Dataset content
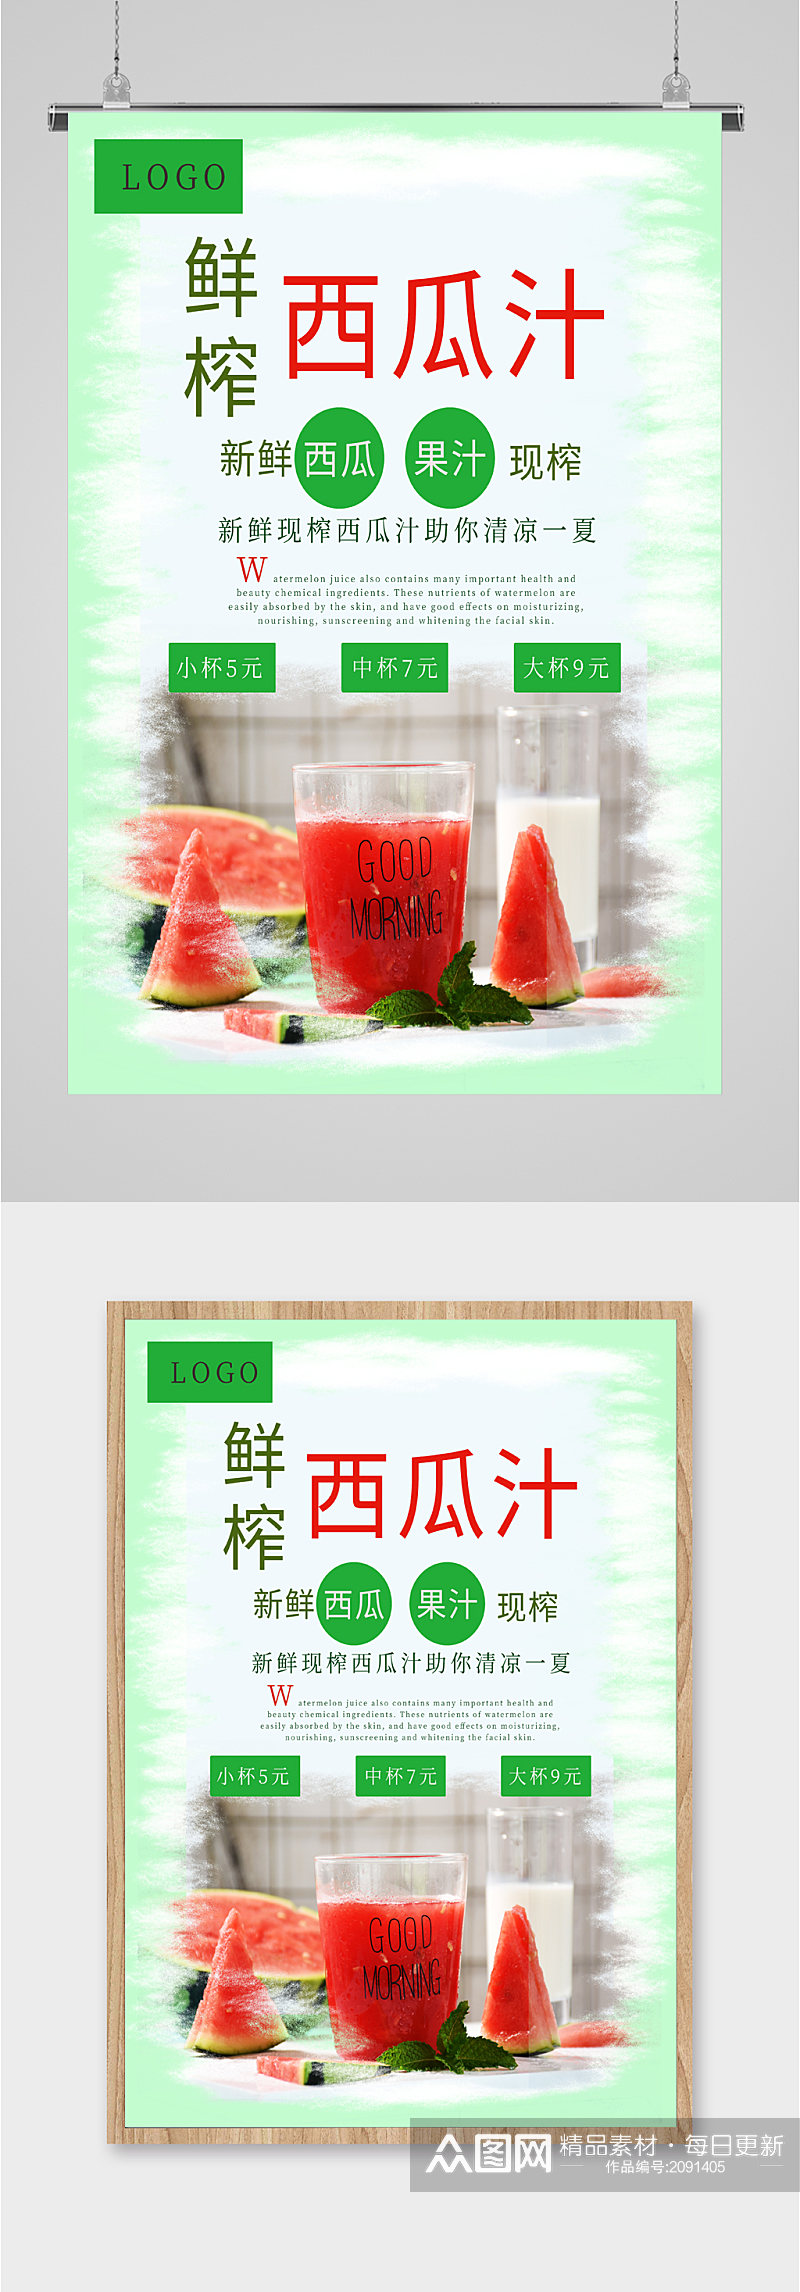 鲜榨西瓜汁饮品海报素材
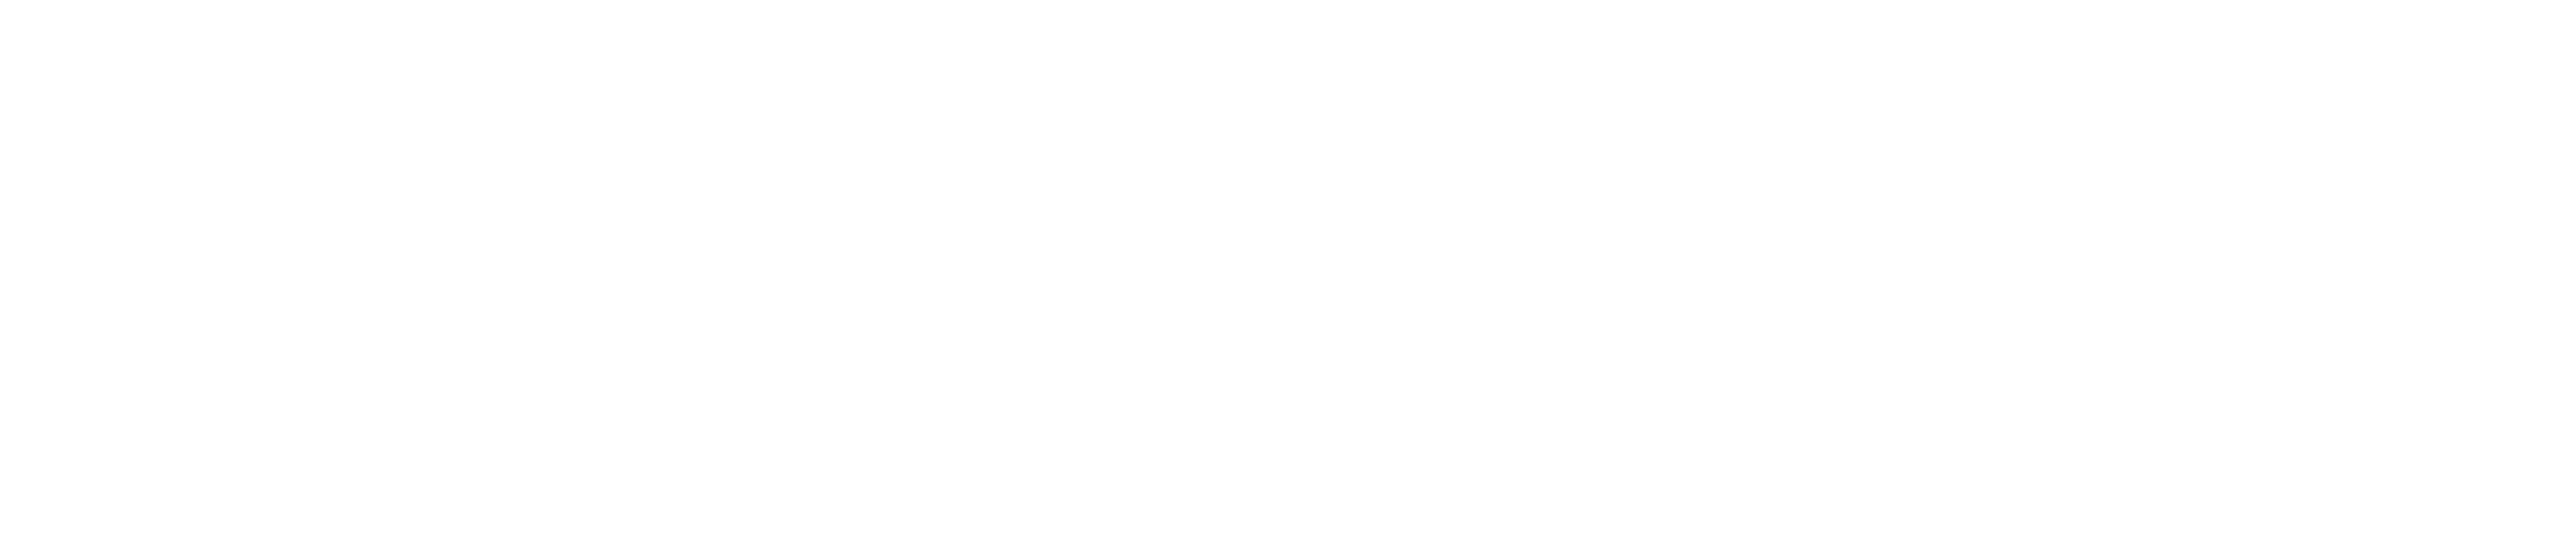 Seanse hvit logo
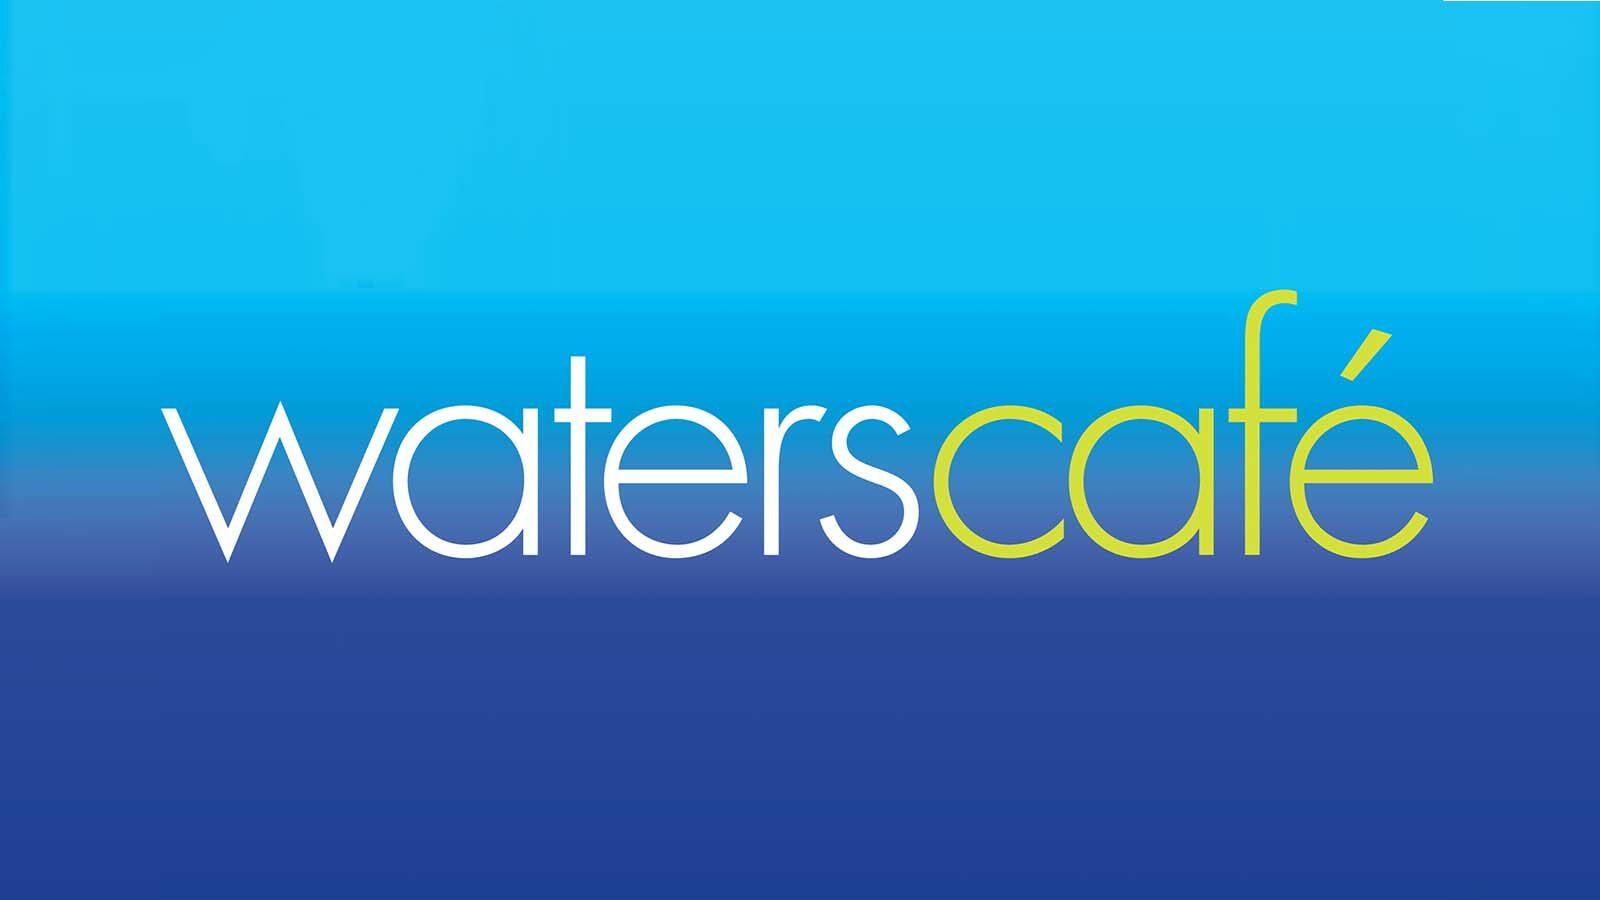 Waters Café
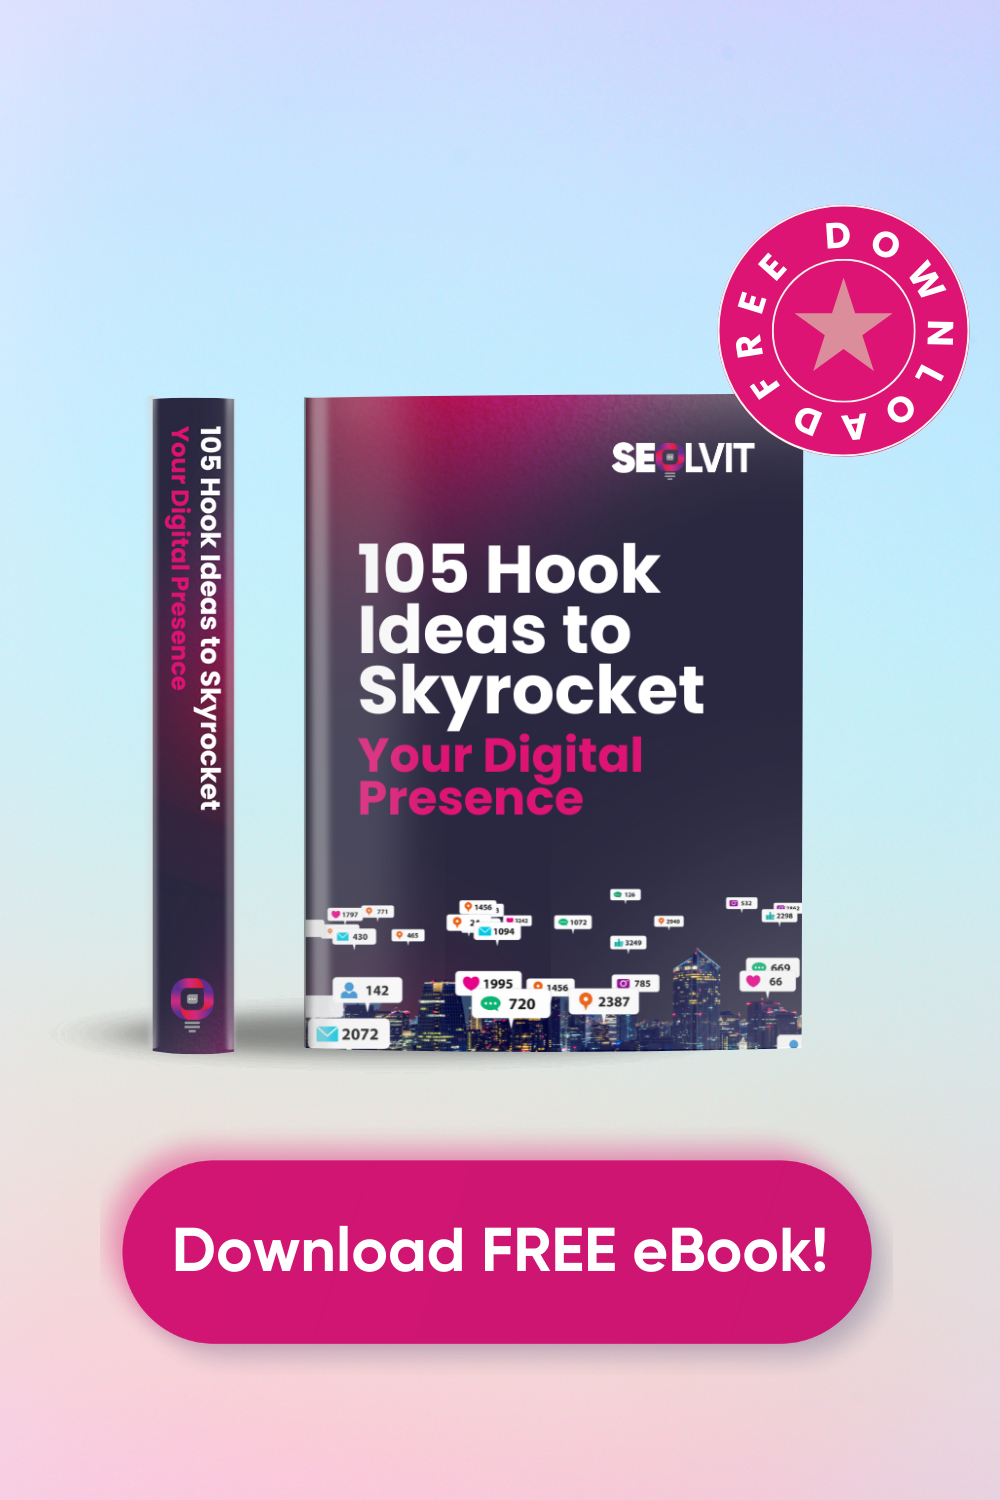 105 Hook Ideas to Skyrocket Your Digital Presence - FREE Ebook by Seolvit Marketing Agency
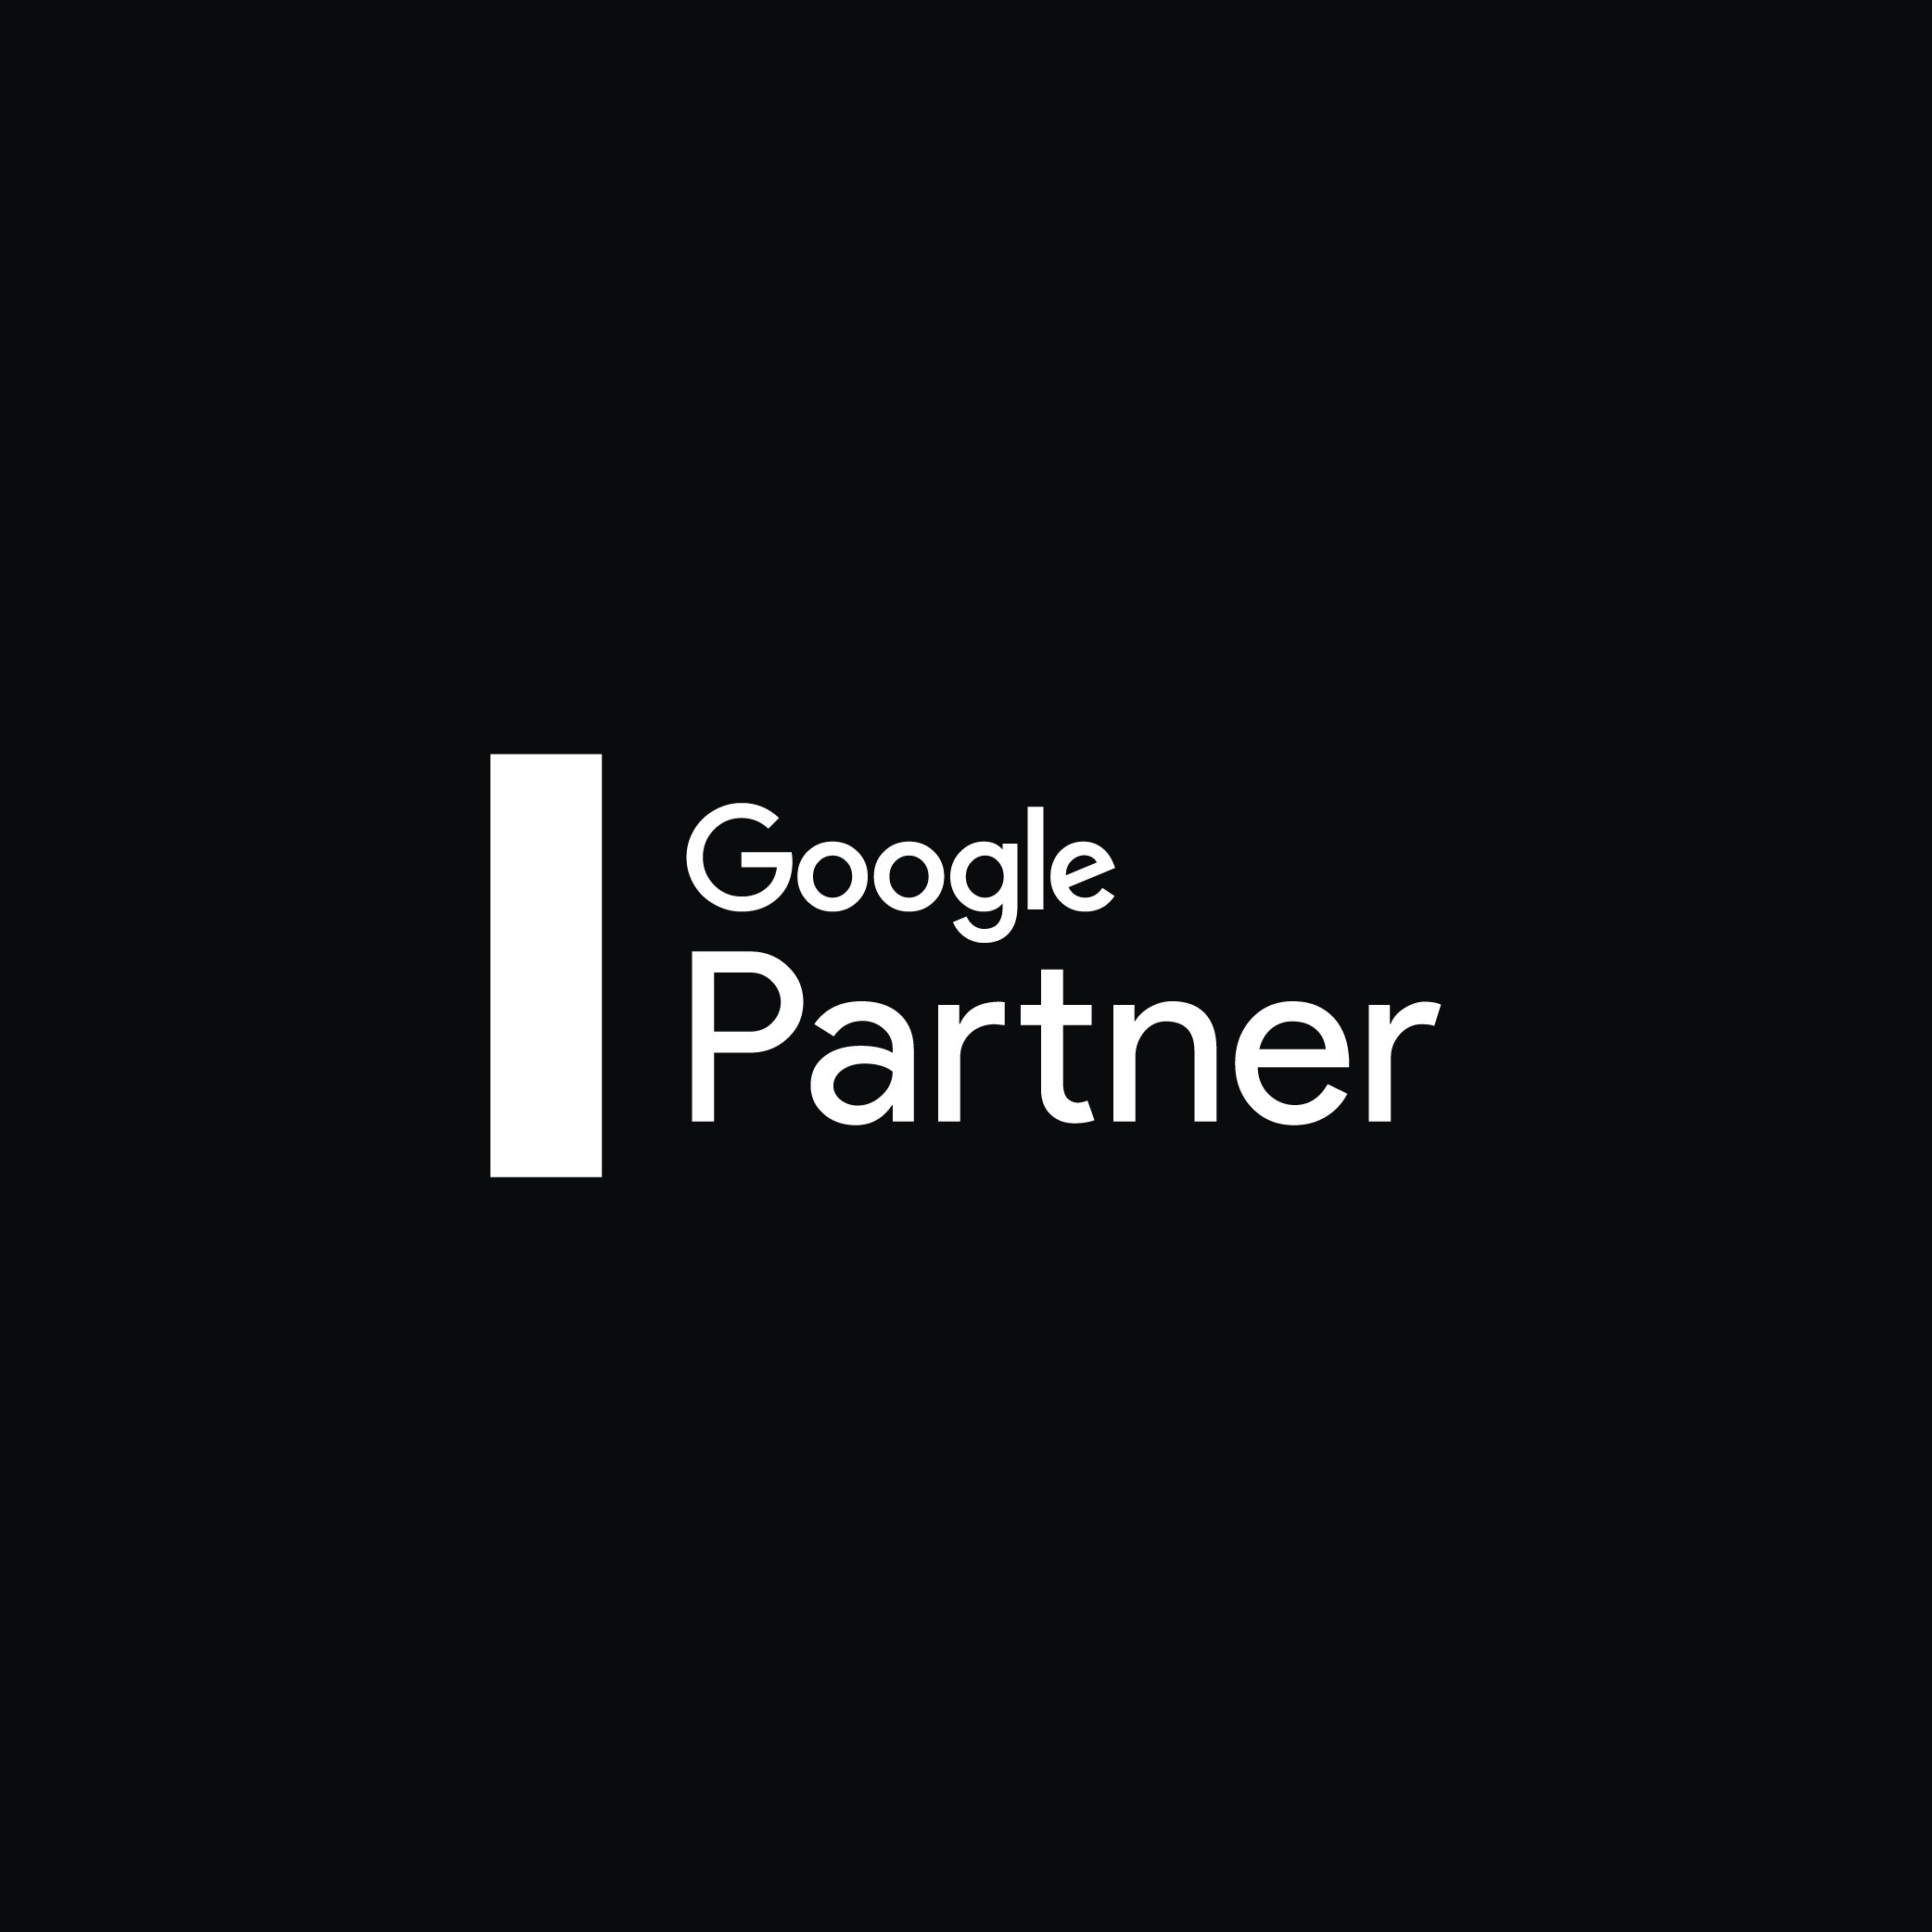 Google Partner | Reech

Exercise aim
Write out the lines of the listing from the one that holds "Waters Café" to the very last line, both included, exactly as they appear and without any pictures.

Response box
 Waters Café
 105 Hook Ideas to Skyrocket Your Digital Presence - FREE Ebook by Seolvit Marketing Agency
 Google Partner | Reech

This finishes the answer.